Beauty by the book: Rachel Shteir reviews en masse the bevy of beauty books that have come out in the past year or so, elegantly posing questions about what the authors ignore (psychology) and why we're all suddenly turning to economics to break down beauty. (I've always wondered why we want to break down beauty at all.)

The Girl With the Rape Survivor Wardrobe: Fashionista asks if the Girl With the Dragon Tattoo H&M collection minimizes the experience of rape survivors. It's made clear in the books that Lisbeth Salander's sartorial choices are a response to her repeated victimization, making a collection based on her look seem icky. But no more icky than the books, I daresay! (One of the more misogynist things I've read in my life, this from a book that prided itself on not hating women.) Edit: Be sure to read Beth's comment here in the comments section--"So if H&M did a line of clothing based on my style, would they be insensitive to my childhood trauma? I'd be more inclined to think that they were celebrating my artistic response to that trauma." And after reading her argument, I'm inclined to agree.

Brazil: The Atlantic delves into the practice of bikini waxing (specifically the Brazilian), and somewhere in the Naked City, a blogger screams.

Beauty and pain: Margaret Cho, whose own beauty story has been unique in its own right (and then made doubly so by her creating an entire storytelling act around it), is taking a more nuanced stance on beauty these days. "My mother first informed me of the idea that beauty was pain... I am not a masochist. I don’t want pain. And therefore, beauty and I are incompatible. I no longer believe this to be true. To be beautiful is actually to be aware of yourself as art, and to frame your art in a way that is unique to yourself and easy to yourself and fun to yourself. We are just masterpieces waiting to be framed and mounted and lighted then worshipped. We are worth this, as we are more priceless than anything." There are plenty of pitfalls to be thinking of yourself as a masterpiece waiting to be framed, but I like the general perspective here. (via Gala Darling)
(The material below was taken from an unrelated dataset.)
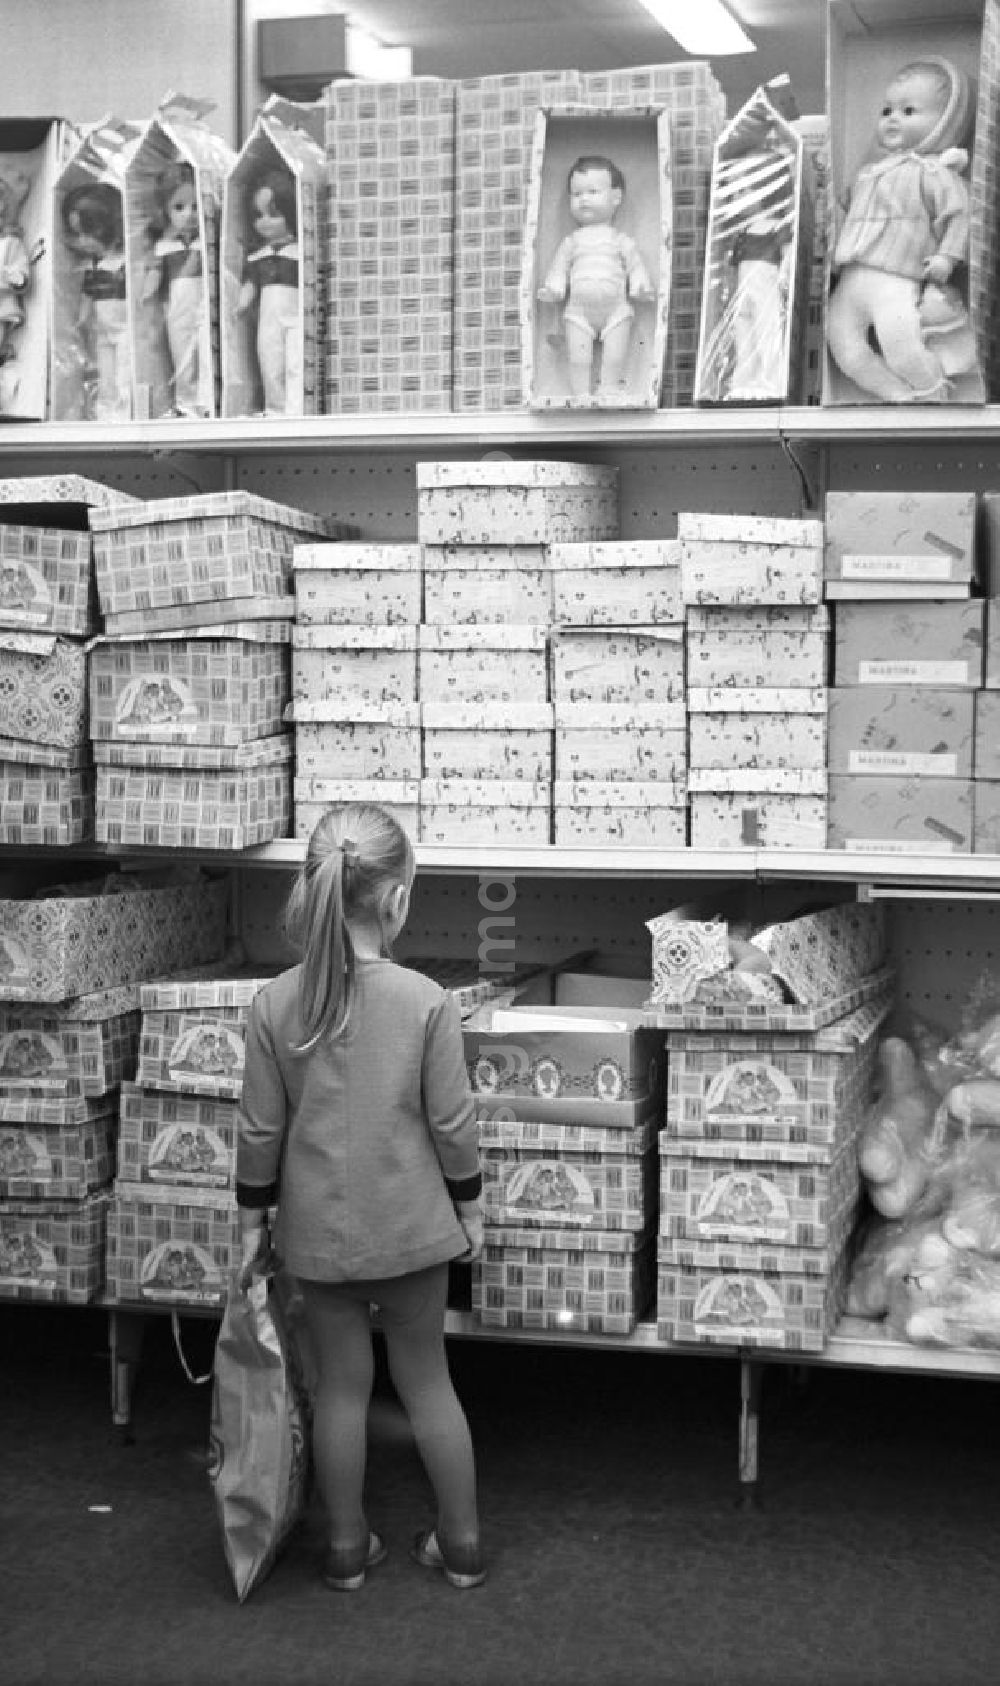 GDR picture archive: Berlin - Ob Mutti die mir kauft?, denkt dieses Mädchen vielleicht, das in der Spielwarenabteilung im Centrum Warenhaus am Alex in Berlin vor einem Regal mit Puppen steht und in einen geöffneten Karton schaut.

"A troubled form of power": Newly minted lawyer Vina Tran weighs the merits of makeup and erotic capital in the legal profession. I was pleased to see she linked to something I wrote about erotic capital, but given that I've actually now read Erotic Capital and find it a tremendous pile of hogwash, I feel like a mild redaction is in order. (More on that soon, promise.)

Represent: Nahida at The Fatal Feminist has an excellent three-part series on cultural representation of Muslim women, particularly those in the west. It's all worth the time to read, but part II, about visual interpretation of western Muslim women, is outstanding. "One of the beautiful things about hi’ jab is that, at least in the privileged West, it is association by will, an act of choosing one’s community rather than being assigned. I don’t wear the headscarf, but I’m quite possessive of my faith—it’s who I am. But it’s not who I am the same way it is who another Muslim woman is, and it’s incredibly discouraging that such an obvious thing need be said. When you’re in a position of disadvantage, like being a religious minority and a woman of color, the balance between the erasure of your individuality by stereotyping and the show of your solidarity with your sisters is delicate."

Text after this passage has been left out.